*This article is an automatic translation of the original article, provided here for your convenience. Read the original article. "When it works well, capitalism is great for consumers. Firms compete to cut prices and improve the customer experience, and consumers have plenty of alternatives, so they are not vulnerable to corporate greed or incompetence. Most of the time, American business enthusiastically participates in this win-win system. Antitrust helps to keep that system in force.
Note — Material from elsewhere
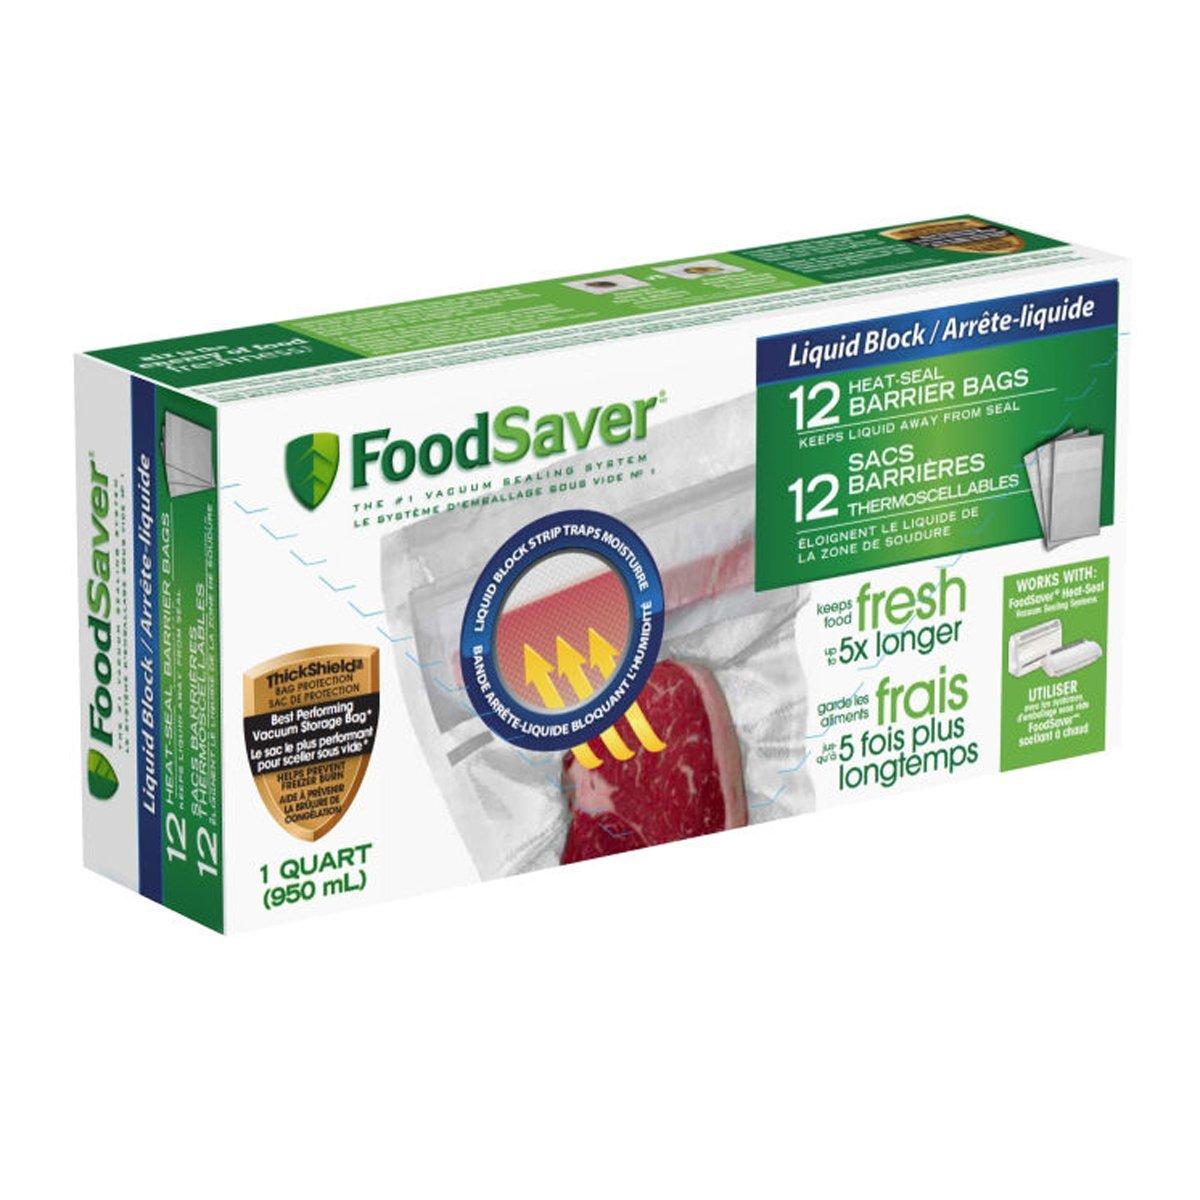 FoodSaver Liquid Block Quart Size Bags (12 Count) FSFSBFLB216-033

It addresses the temptation that some businesses will sometimes experience, to merge with key rivals instead of outperforming them, to agree not to compete too hard, or to sabotage rivals' efforts to serve consumers instead of redoubling their own." Senator Barack Obama, American Antitrust
ARTICLES: US ANTITRUST LAW - NEW OBAMA ADMINISTRATION - ECONOMIC CRISIS - ENFORCEMENT - CONSERVATIVE REVOLUTION - SUPPLY-CHICAGO SCHOOL DOCTRINE - NEO-CONSERVATIVE ECONOMISTS - GOVERNMENT REDRESS - BUSINESS MALPRACTICES - PREJUDICE OF CONSUMERS - INTERNATIONAL ENFORCEMENT - MAJOR CASES AGAINST MONOPOLIZATIONS - LEGISLATIVE ACTIONS - NEOCONSERVATIVE JUDGES - UPDATE ANTITRUST ENFORCEMENT - INTELLECTUAL PROPERTY RIGHTS
Which competition policy for the Obama administration?
This paper was written at the time of the swearing-in ceremony of the 44th President of the United States. It aims at outlining the strong fluctuations of conceptions and enforcement of antitrust law since the Great Depression which started in 1929, which is compared by its magnitude to the present day economic crisis. Legalistic over enforcement of the antitrust in the 1950s and 1960s led to the conservative revolution materialized by the supply-side oriented Chicago School doctrine and the sharp critics of an economists group that ended in giving a prevalent role given to neo-conservative economists in the antitrust process under Republican administrations. The paper then gives a perspective on President Obama’s administration agenda with regard to antitrust law enforcement and the American competition policy until 2012.Candidate Obama has communicated clearly on his antitrust faith and objectives during the last presidential campaign, setting out a progressive agenda. It follows the Democrats’ tradition of antitrust law enforcement with regard to cartels, abusive vertical restraints, monopolization, attempts to monopolize and anticompetitive merger since, in America, antitrust law remains one of the few tools of government redress of business malpractices at the prejudice of consumers. Our expectations are that this administration will fulfill the President’s pledge for "Change" by deepening the international enforcement and by introducing one or two major cases against monopolizations to stress his difference with the "laissez-faire" attitude of his predecessor. However, given the institutional structure and the presence of Conservative Judges left in Federal Courts after eight years of the Bush administration, one may still expect a cautious action of the Democrat administration which will seriously select its cases. Given this institutional setting also, one can expect of the Obama administration some legislative actions to bypass neoconservative judges and update antitrust enforcement and bring it more in line with the progressive Democrat agenda, especially in some industries, such as health care, insurance and intellectual property rights.